REQUIRED WORK:
Repeat the data that follows, word for word, without the images.
(RECORDS FOR THIS EXERCISE begins)
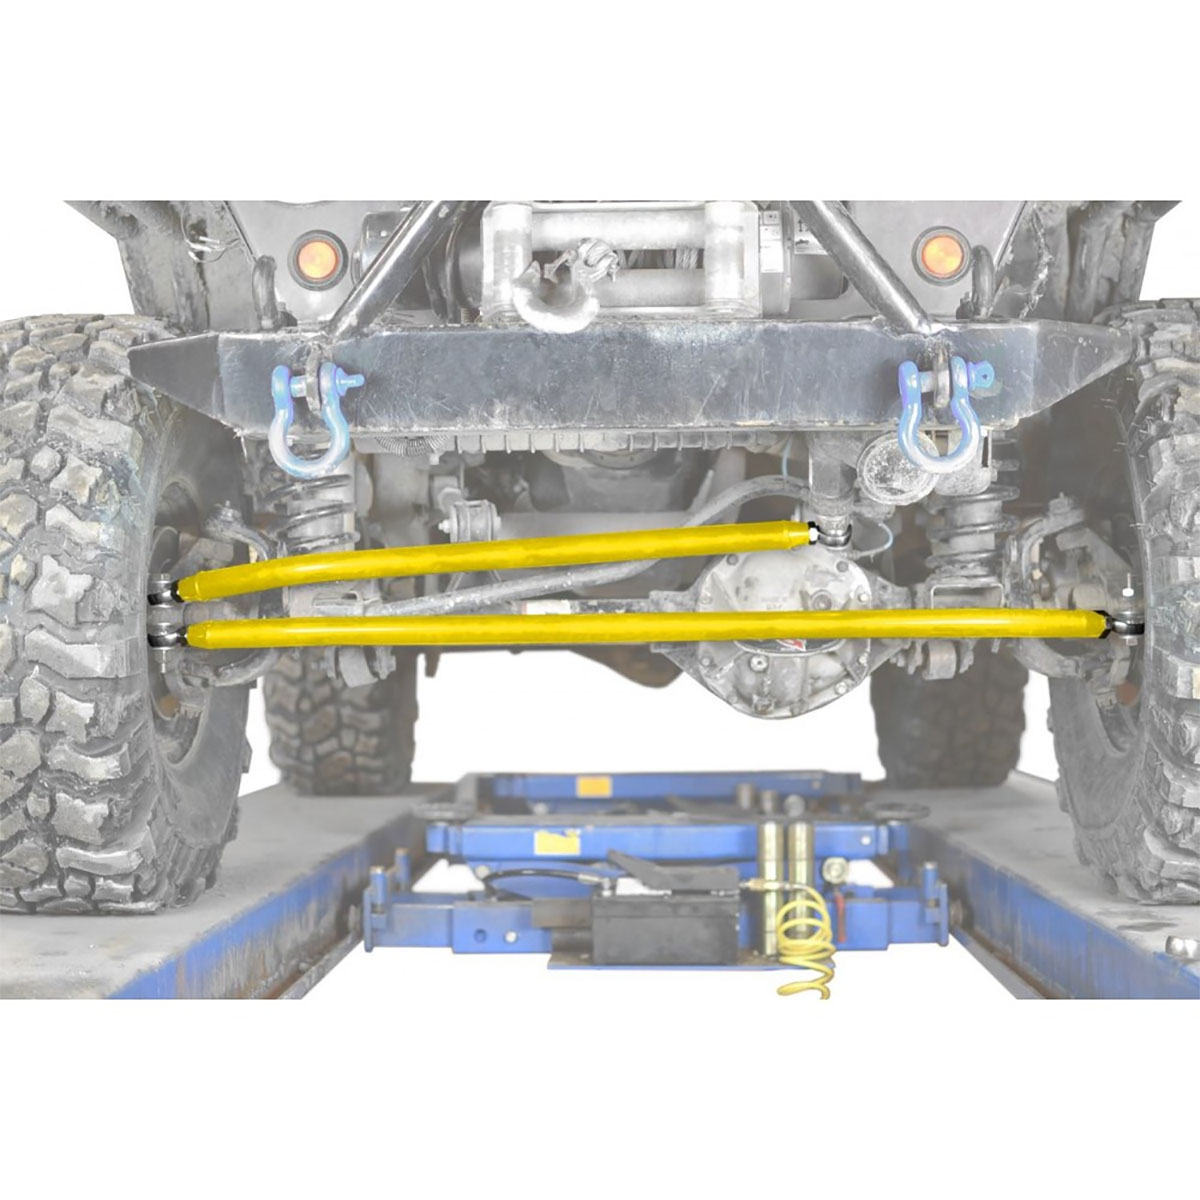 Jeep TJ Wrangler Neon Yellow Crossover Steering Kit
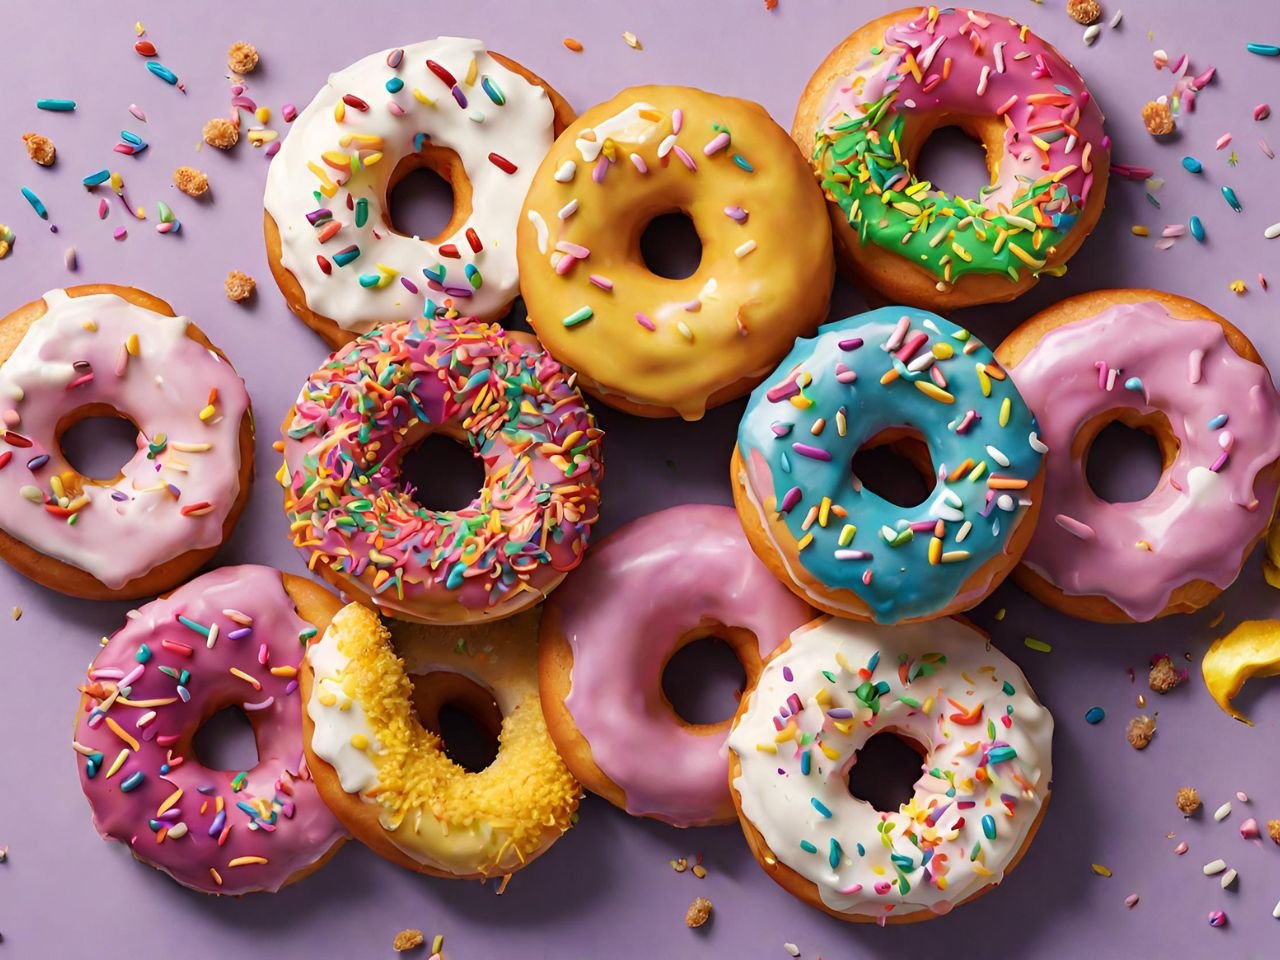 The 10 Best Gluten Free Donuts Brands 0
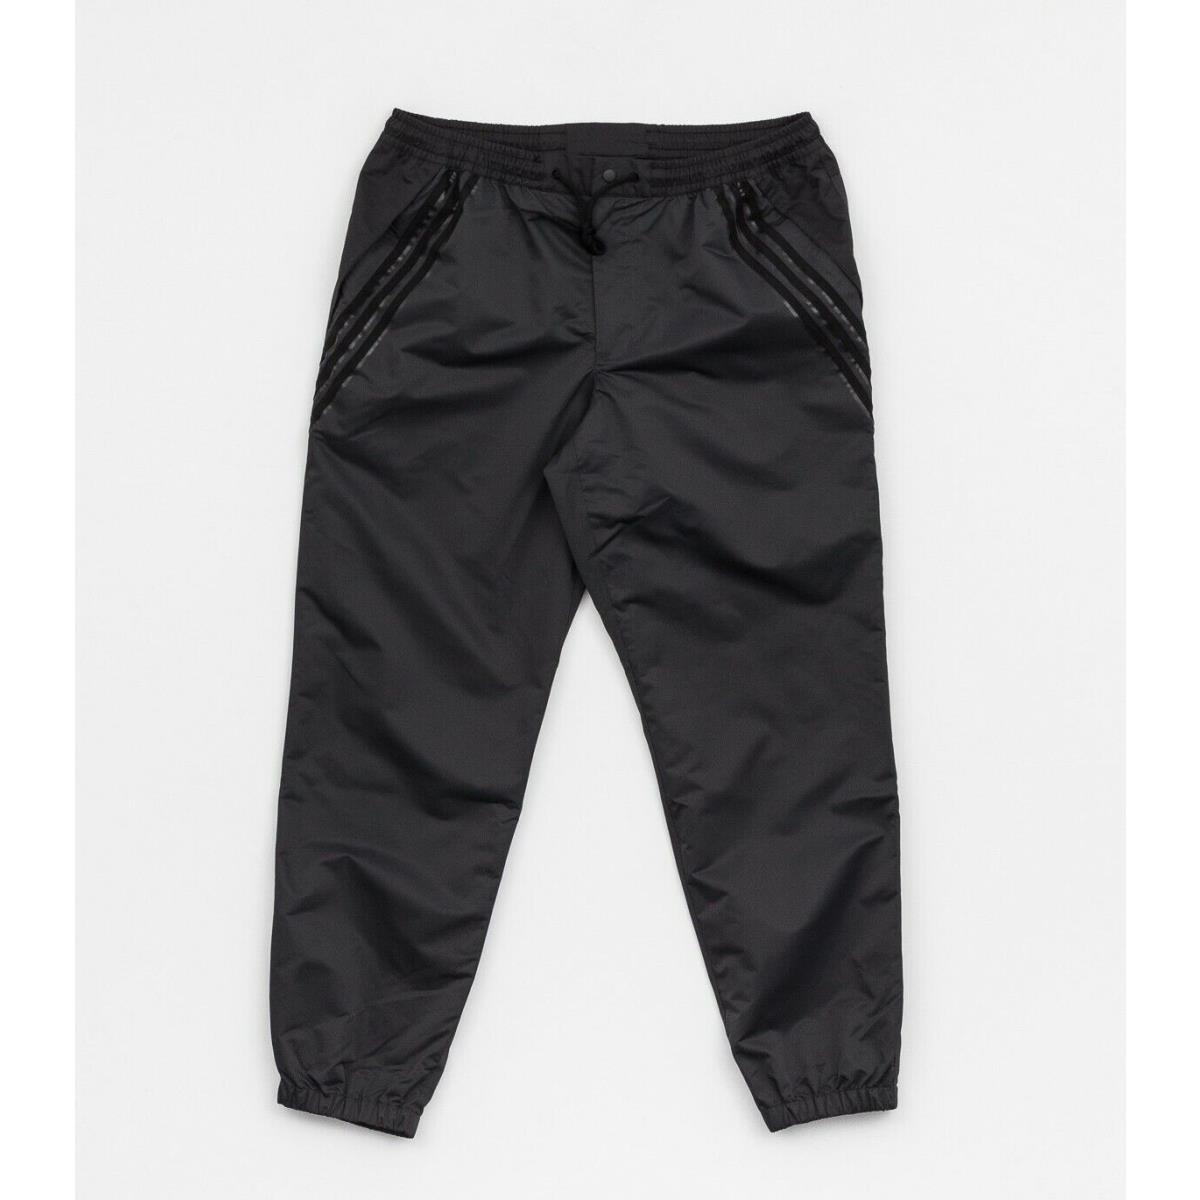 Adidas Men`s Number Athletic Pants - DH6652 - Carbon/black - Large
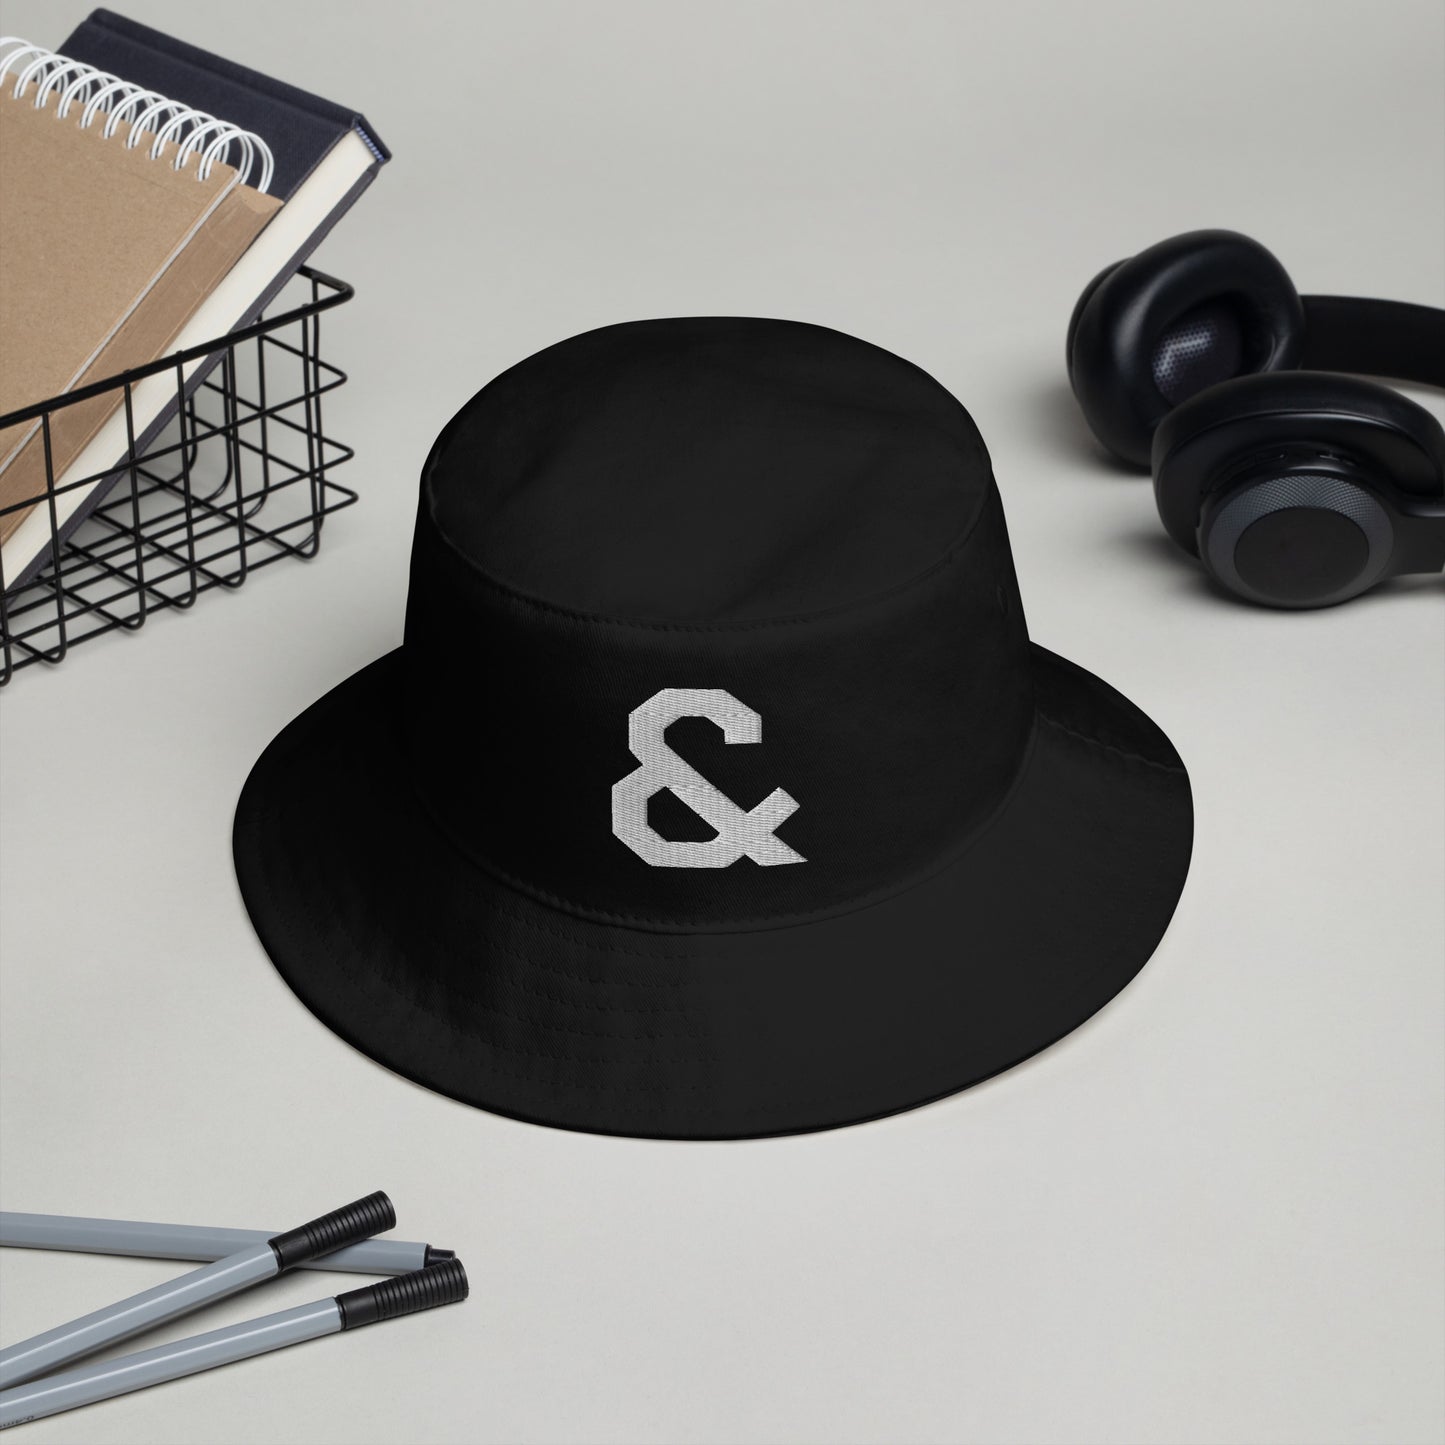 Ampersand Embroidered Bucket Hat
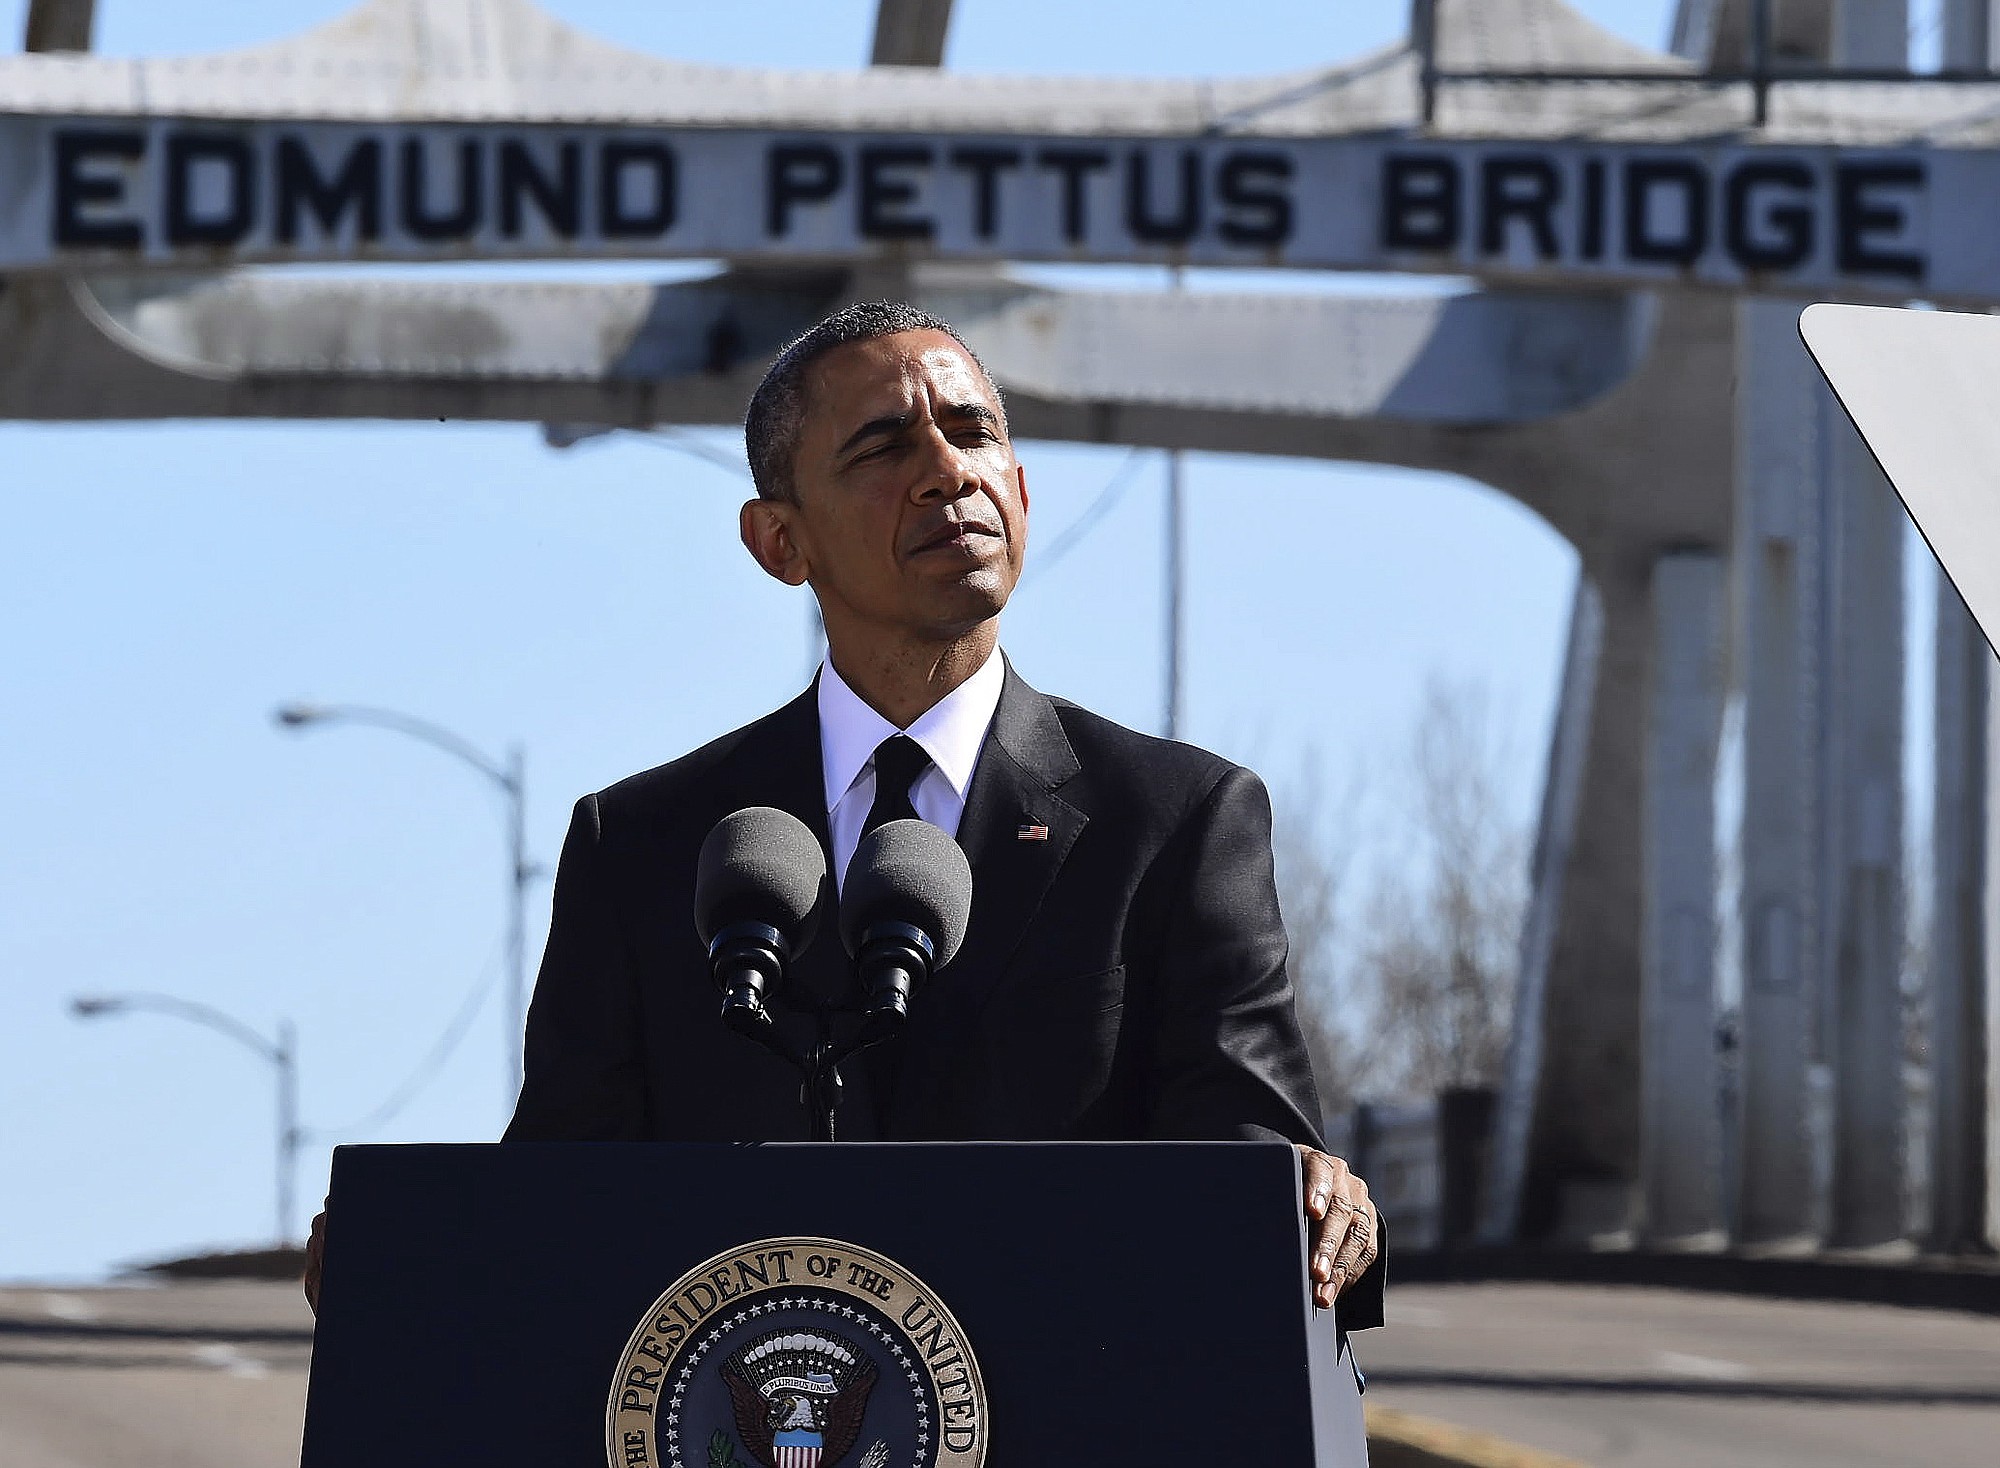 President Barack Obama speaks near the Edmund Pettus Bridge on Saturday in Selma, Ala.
(RECORDS FOR THIS EXERCISE ends)
ANSWER TO THIS TASK:
 Jeep TJ Wrangler Neon Yellow Crossover Steering Kit
 The 10 Best Gluten Free Donuts Brands 0
 Adidas Men`s Number Athletic Pants - DH6652 - Carbon/black - Large
 Ampersand Embroidered Bucket Hat
 President Barack Obama speaks near the Edmund Pettus Bridge on Saturday in Selma, Ala.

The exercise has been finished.